Rohin Shah comments on Garrabrant and Shah on human modeling in AGI

Rohin Shah 4 Aug 2021 6:27 UTC
LW: 24 AF: 13
AF
Planned summary for the Alignment Newsletter:
This is a conversation between Scott and me about the <@relative dangers of human modeling@>(@Thoughts on Human Models@), moderated by Eli Tyre. From a safety perspective, the main reason to _avoid_ human modeling is that the agent’s cognition will be much “further” away from manipulation of humans; for example, it seems more unlikely that your AI system tricks people into launching nukes, if it never learned very much about humans in the first place.

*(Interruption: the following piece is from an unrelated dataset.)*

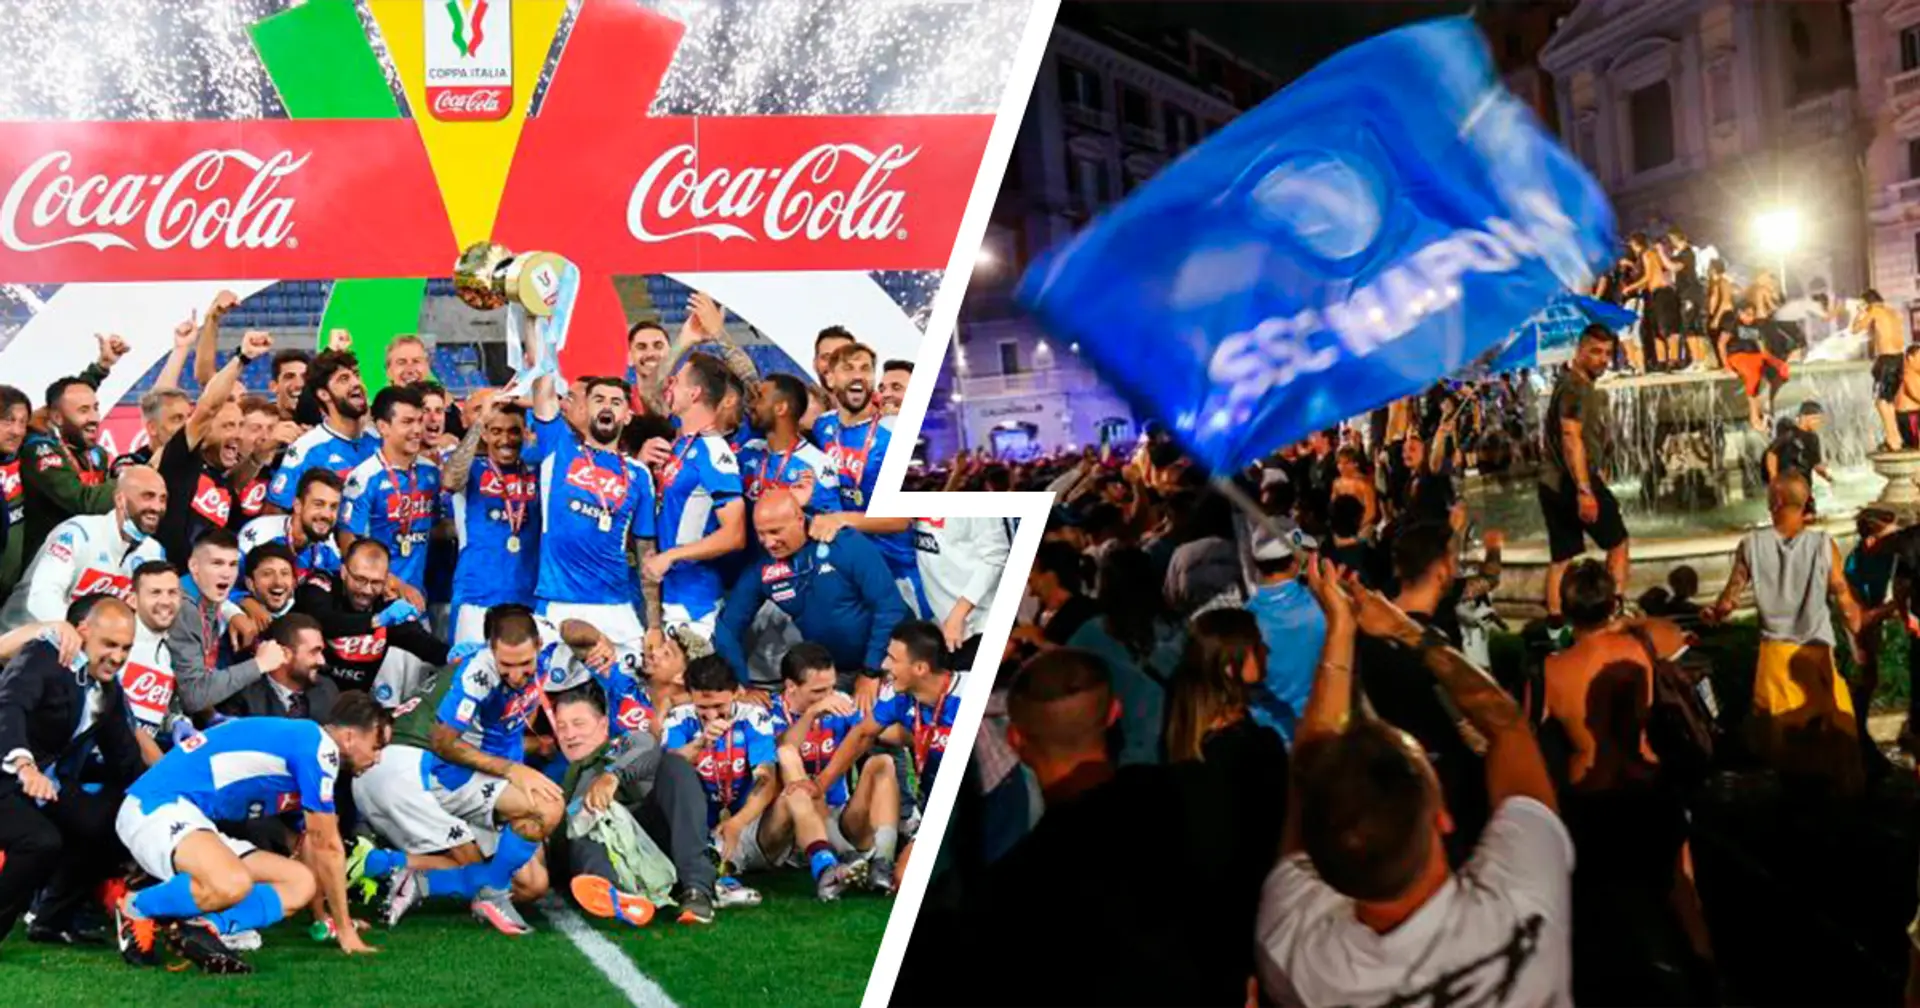 Napoli give Liverpool yet another title celebrations scenario; their fans show perfect example of what Reds' supporters should not do

The main counterargument is that this precludes using human oversight of agent cognition (since when humans are overseeing the agent’s cognition, then the agent is likely to learn about humans in order to satisfy that oversight); this human oversight could plausibly greatly increase safety. It also seems like systems that don’t model humans will have a hard time performing many useful tasks, though the conversation mostly did not touch upon this point.

Scott’s position is that given there are these two quite different risks (manipulation worries, vs. learning the wrong cognition due to poor oversight), it seems worthwhile to put some effort into addressing each risk, and avoiding human models is much more neglected than improving human oversight. My position is that it seems much less likely that there is a plausible success path where we do very little human modeling, and so I want a lot more work along the oversight path. I _do_ think that it is worth differentially pushing AI systems towards tasks that don’t require much human modeling, e.g. physics and engineering, rather than ones that do, e.g. sales and marketing, but this seems roughly independent of technical work, at least currently.